Dark Rum and Wall Street Bail-0uts

San Juan, Puerto Rico

First off, I would like to wish my Little Brother in Wendover a happy birthday and a future life of happiness, equanimity and love....I don't have his telephone number with me. Happy Birthday, David!



I'm drinking more than my fair share of dark rum. I go down to the local liquor store and treat myself to a bottle of dark Bacardi select...I eyeball the Bacardi 151... but that way lies madness...

Flashback to 1964...I have a roommate, Ted, who is a blond good-looking fraternity guy from Palm Beach...He tells me about "pig parties". That is where you compete to find the least attractive possible date and then delight in their embarrassment when they realize that they have all been invited to a party for ugly women. He actually seems a little guilty relating this to me...maybe there was hope for him?

My deviant non-empathetic roommate produces a bottle of Bacardi 151. I end up with a traffic ticket for driving my Harley-Davidson Sportster at 110 MPH in a 30 MPH zone at 2 AM in front of the Tallahassee police station. Only a year earlier Jim Morrison, my former almost roommate, was charged for stealing an umbrella from a police car. The judge gives me a break after seeing my military ID, but he chews me out good...but at least I didn't get caught stealing a stupid umbrella...

Outside the hotel room tonight, they are blasting away with Puerto Rican tunes...one of the songs is about "muchos saxophones"....I sit in an Audit Committee meeting with 12 staff and volunteers...it's embarrassing to be the only non-bilingual person in the room...they all speak English for my benefit...If I come back, I will be fluent in Spanish...

My pay grade is GS0...I'm a volunteer.

So what about that credit freeze? One problem is colateralized debt obligations (CDOs). These are bundles of securitized sub-prime mortgages. They were rated AAA by the rating organization when issued primarily because of "insurance" against defaults...more about that later.

The banks are using models to value these CDO assets which reflect home price declines in metropolitan areas. For example. the San Francisco Metropolitan Area (SFMA) has just experienced a 24% house price decline. The problem with that is that housing prices in some San Francisco areas are down 70% and in other area only 5%. The banks should be using zip code data to value mortgages and CDOs. This would result in valuing CDOs at near market value. For example, many banks are carrying CDOs worth 15% on the dollar at 75% or more.

I don't think $700 Billion is going to do much to correct the "exuberant excesses" of the last seven years. It's a ten trillion dollar issue...but wait...what about credit default swaps?...and what happened to the Investment Banks?

A Credit Default Swap is like an insurance policy against CDO defaults. Warren Buffet called these instruments of financial mass destruction five years ago. The Investment Banks collected big fees on these policies for years but never set aside payment reserves or anticipated any defaults on mortgages. So when the housing market went south two years ago, eventually "hedge fund" managers panicked and withdrew assets from the investment banks leading to the collapse of Bear Sterns, Merrill Lynch, AIG Insurance, Lehman Brothers and others...what's a "hedge fund"? Please...Don't even ask.
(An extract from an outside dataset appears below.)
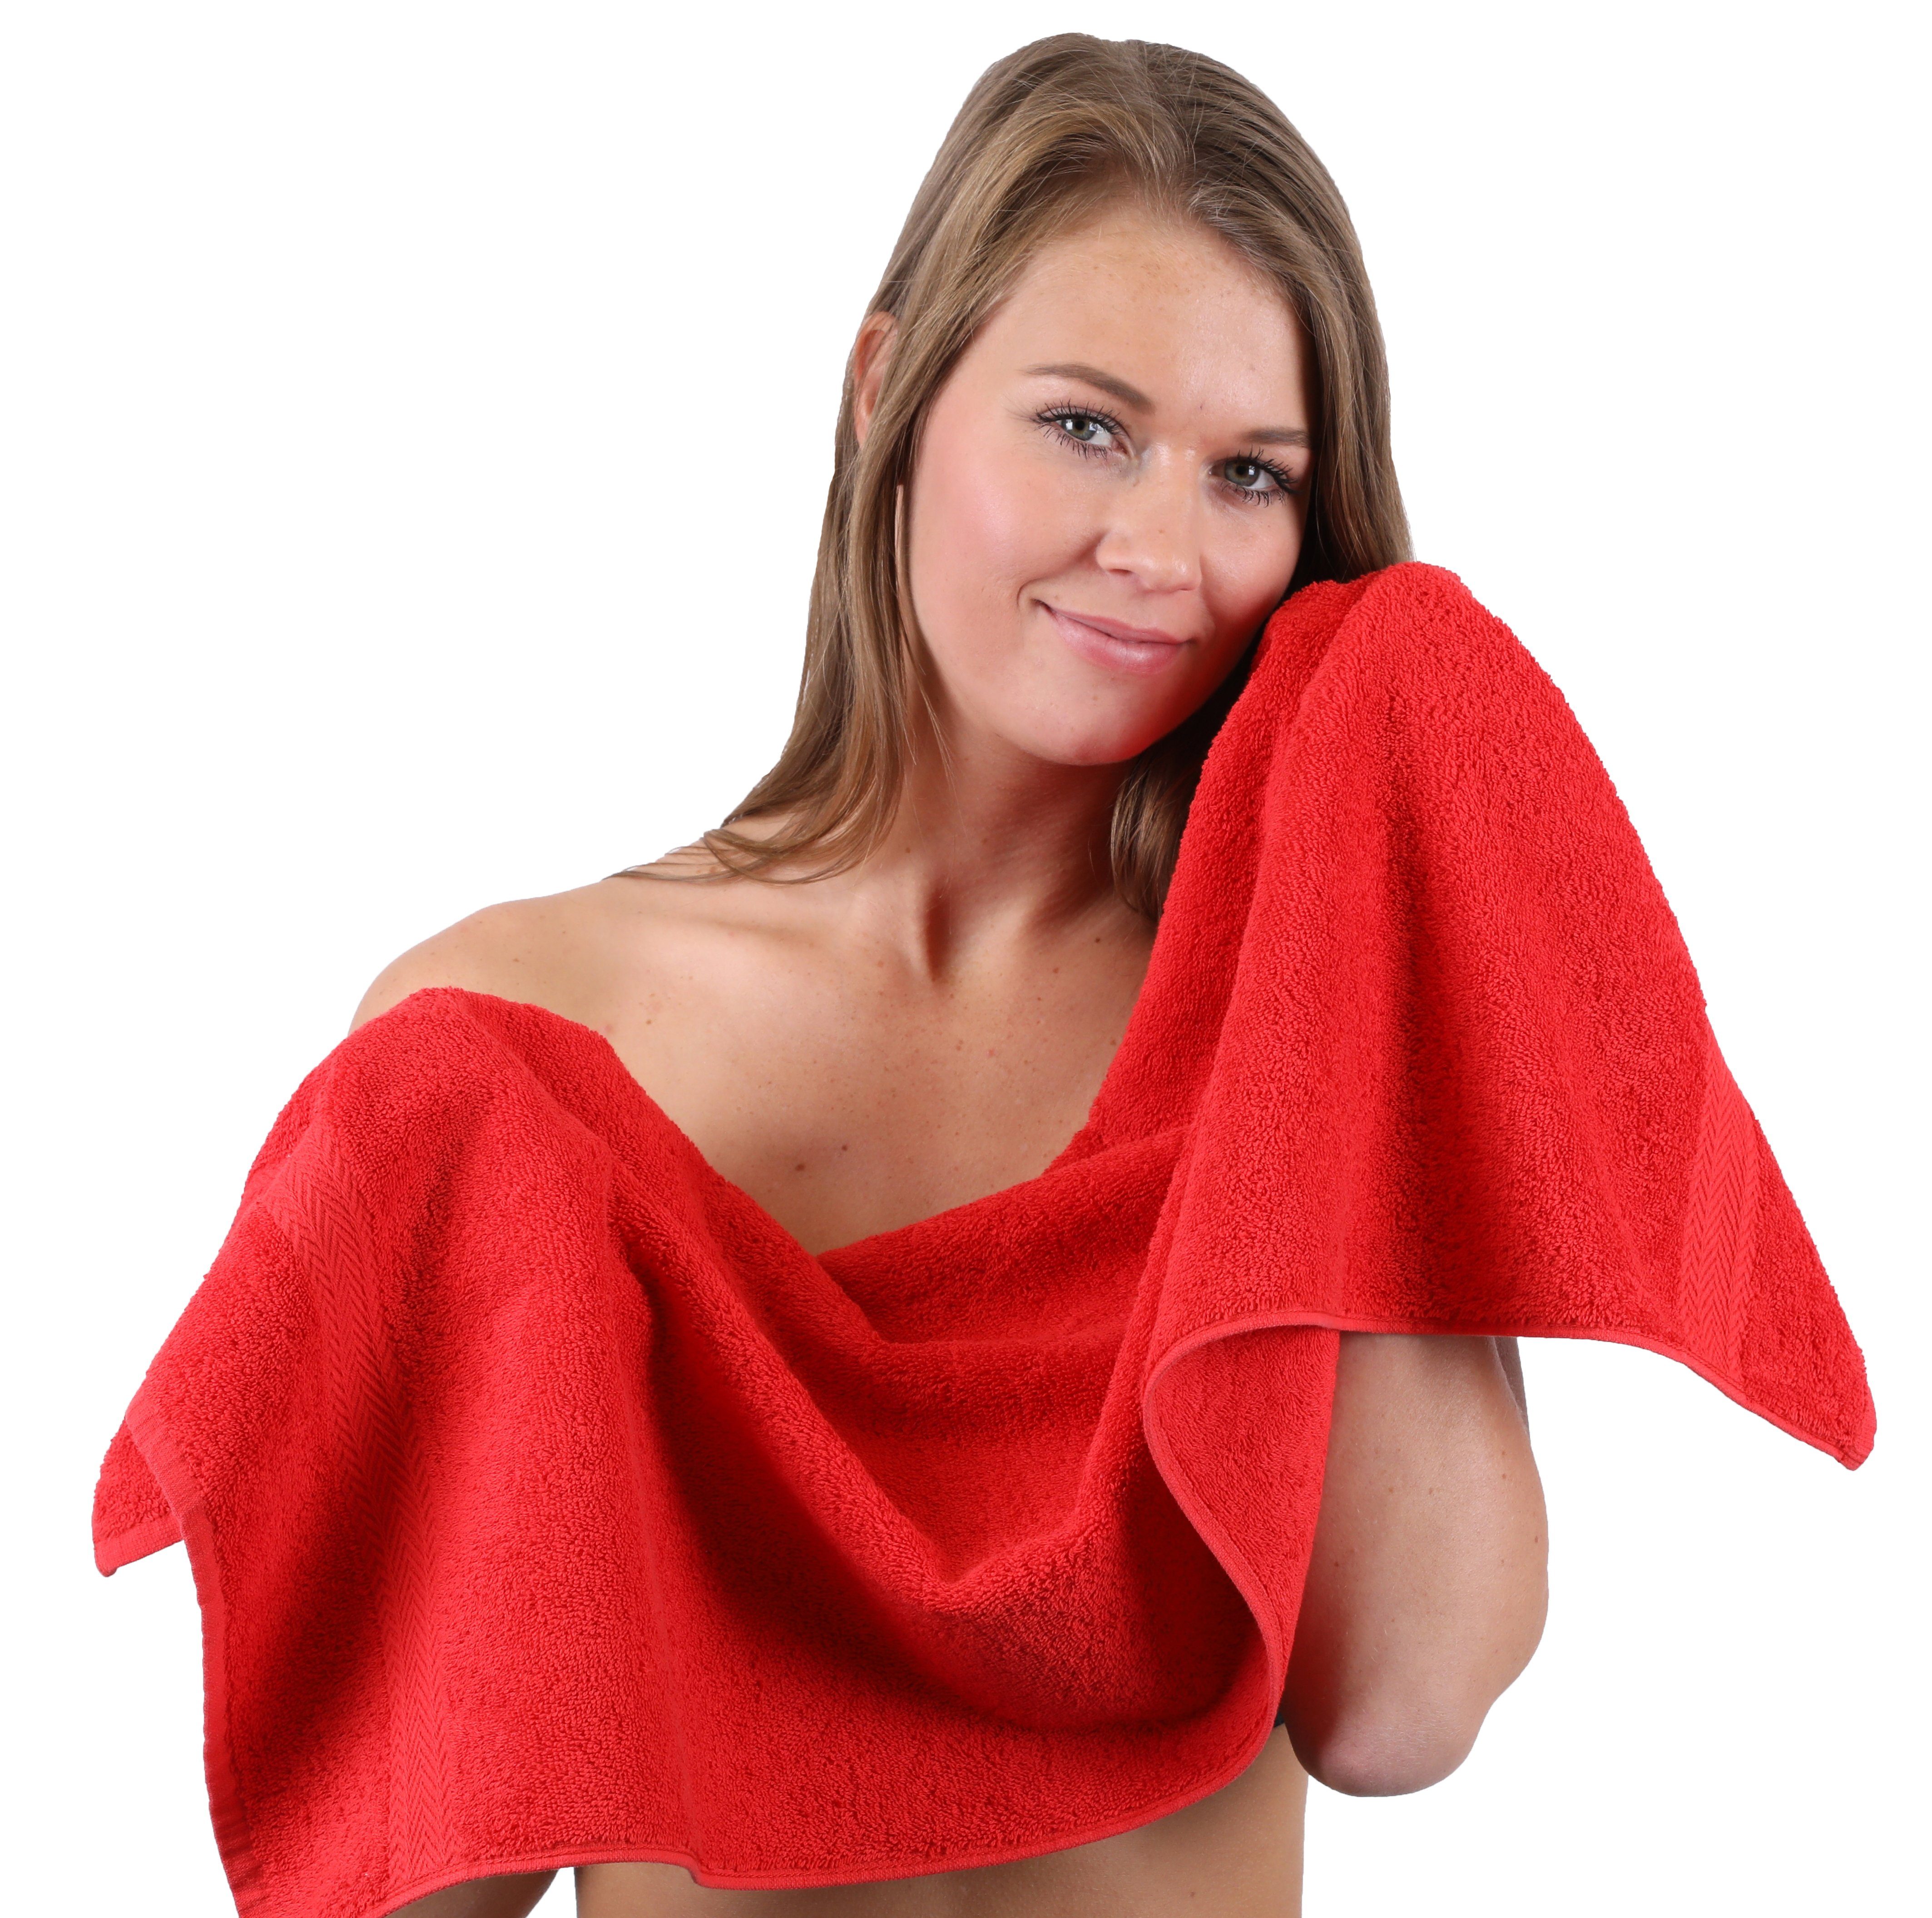 Betz Handtuch Set 10-TLG. Handtuch-Set Rot Dunkelbraun, Baumwolle, 100% Premium (10-tlg) Farbe &

While "subprime" mortgages, borrower fraud, speculative greed and low interest rates created a huge housing and mortgage bubble, a bigger problem now looms...negative amortiztion or "pay option" mortgages. These have brought down Washington Mutual and Wachovia, two of the biggest US Commercial banks. How's this for a deal...sign an 8% mortgage but pay only 2% until your mortgsge balance reaches 125% of the original loan...then you get a letter that your payments have doubled or tripled. You owe maybe twice as much as your home is worth after a 30% decline in value...to walk or not to walk...that is the question...

Meanwhile, inter-bank lending has virtually dried up because banks realize that mortgage assets of other banks are significantly overvalued or impossible to evaluate based on current valuation models. Depositors are making panicked (but somewhat justified) withdrawals from banks where they hsve more on deposit than the $100,000 FDIC insurance limit. The $44 billion in the FDIC fund won't go all that far in the current climate.
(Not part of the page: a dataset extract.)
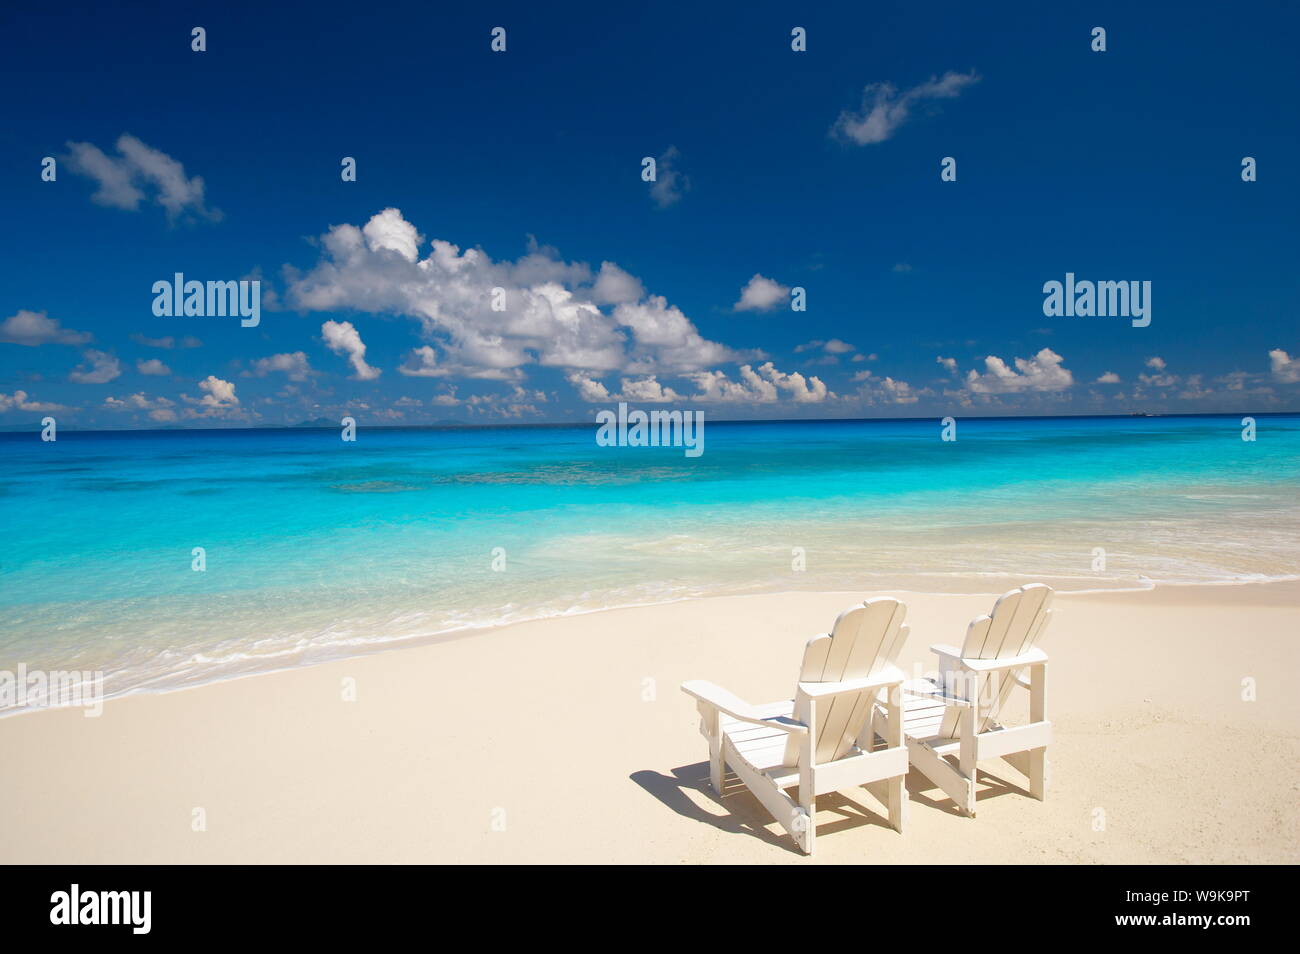 Due sedie a sdraio sulla spiaggia tropicale di fronte al mare, Maldive, Oceano Indiano, Asia Foto Stock

I've evaluated the finances of my own credit union. Here is some scary stuff on their provision for bad debts:
2005 $12,000,000
2006 $12,000,000
2007 $60,000,000
2008 $150,000,000

So what about suspension of the "mark to market" method of accounting for mortgage assets that just got signed into law as part of the bailout package? Now banks don't have to writedown assets to what they fetch in similar sales...how helpful..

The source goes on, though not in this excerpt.